Container Runtimes
One of the most frequent questions that they ask me about containers is to what extent they penalize performance. It is a very logical question because, in the end, the containers offer a certain level of isolation, they look like virtual machines … Something has to be penalized, right? In this post, I am going to talk about container runtimes, so that we understand a little more what it means to run a container.
Docker
It is almost inevitable to speak of Docker if we talk about containers, although in this case, it is to say that docker is not a container runtime. That may shock you since we usually install Docker to run containers, but things are not that simple. When Docker came out, it was a monolithic system that performed tasks that were really independent among them:
- Creation of images (docker build)
- Management of images and containers
- Sharing images (using records)
- Execution of containers
- An image format
OCI
OCI stands for Open Container Initiative and precisely its objective has been to define a unified image format. In OCI, among others, Docker, Google, and CoreOS participate. Later Docker “separated” his code to run containers and donated it to the OCI. From that came a library called:
runC
Now we are talking about a container runtime. runC is a small utility that is responsible for precisely that: run a container. In the background, runC is a wrapper that offers a CLI interface above libcontainer, the library that Docker used to run the containers. That library (libcontainer) is responsible for using the Linux kernel elements that support containers (such as namespaces and cgroups). Thanks to runC we can run containers directly, without going through the Docker engine. As you can see, indeed, it is a CLI:
Docker has already made a few versions (since 1.11) used internally by runC to run the containers.
containerd
Okay, we have on the one hand runC that is responsible for running containers. But one thing is to just run a container and another is to handle the entire life cycle of it, including the download of images, the use of volumes and appropriate networking. All of that is beyond the reach of runC and we need someone above that to do it. This someone is containerd. How can we define containerd? Well, we can say that containerd is a runtime of high level containers, as opposed to runC which is a runtime of low level containers . In fact, containerd uses runC to execute the containers and gives it all that additional functionality.

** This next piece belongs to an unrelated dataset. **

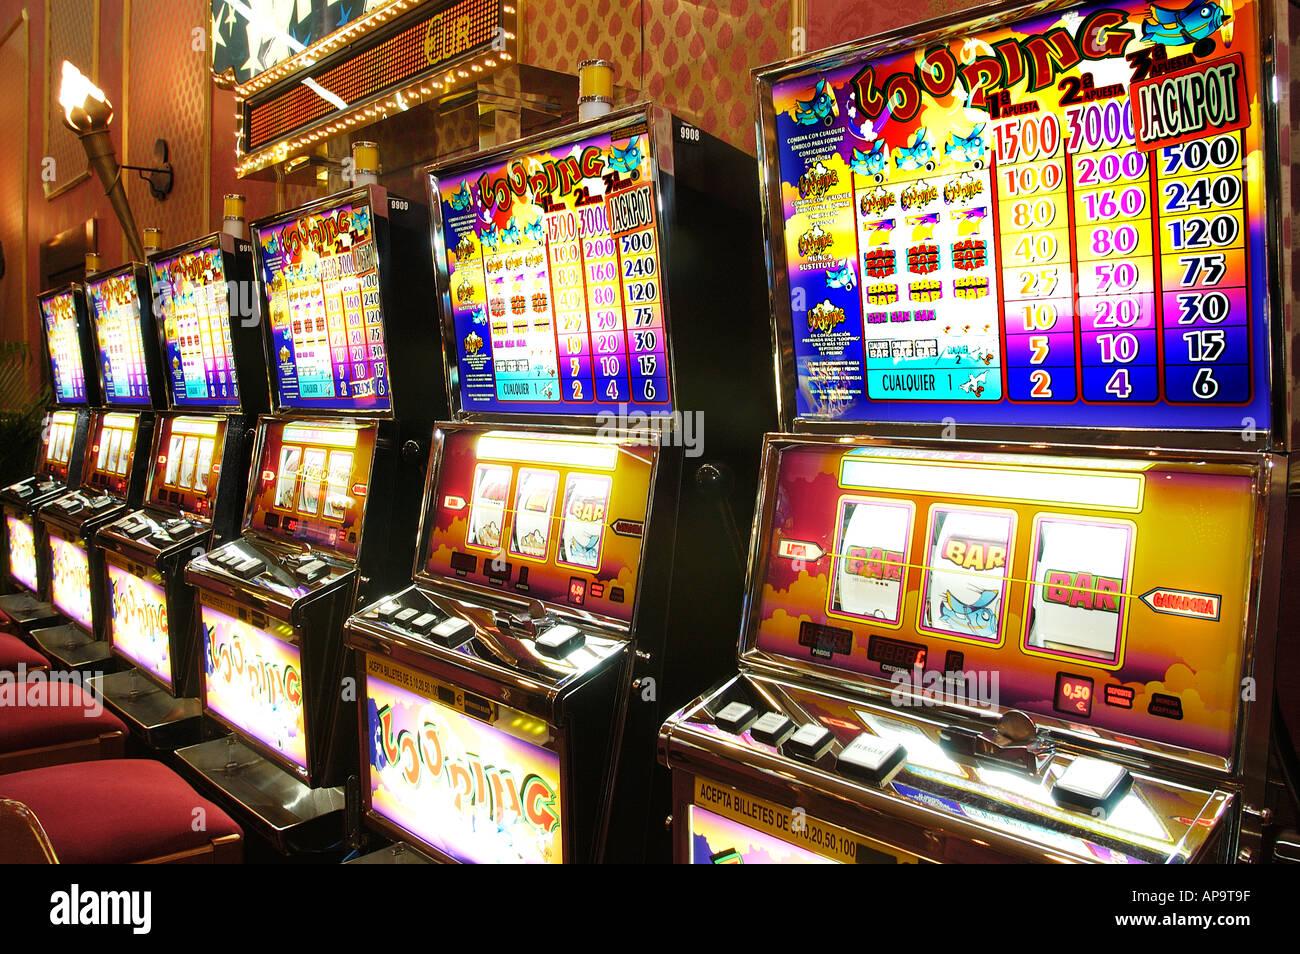 Gambling behaviour in britain

Remember that I said earlier that Docker 1.11+ used runC to run containers? Well, it does, but indirectly through containerd.
For Docker, having the container execution engine separate and its engine allows, among other things, to update the engine without having to stop containers.
rkt
When I spoke about OCI I commented that precisely if we standardized the image format, different tools from different manufacturers could perform different tasks. To run containers we have runC that comes from the “Docker side”. Well rkt is an equivalent to runC and containerd but that comes from the people of CoreOS. I say that it is equivalent to runC and containerd because rkt has low level and high level runtime characteristics. To this day rkt does not use the format defined by OCI if not its own (called ACI). For more information, you can check the OCI support roadmap.
Container isolation
Remember that in order for containers to be possible, it is necessary that the host OS supports them natively. Linux has been doing this for a long time through two Kernel features: namespaces and cgroups (control groups).
- namespaces: It is a characteristic of the Kernel that partitions the resources of the system so that different processes (or groups of processes) see different groups of resources. Networks, PIDs (process ids), mounts or IPCs are some of the resources that can exist in namespaces. This implies that a process can see a group of networks or PIDs that another process may not see.
- cgroups: Another Kernel feature that limits the use of system resources (CPU, disk, etc) to a group of processes.
Container isolation is constructed using namespaces and resource control using cgroups . There are no complicated virtualization, emulation or control techniques: it is based on resources offered by the OS’s own Kernel. That means that running a container is very light. Remember that the containers always share the Kernel: Kernel only has one.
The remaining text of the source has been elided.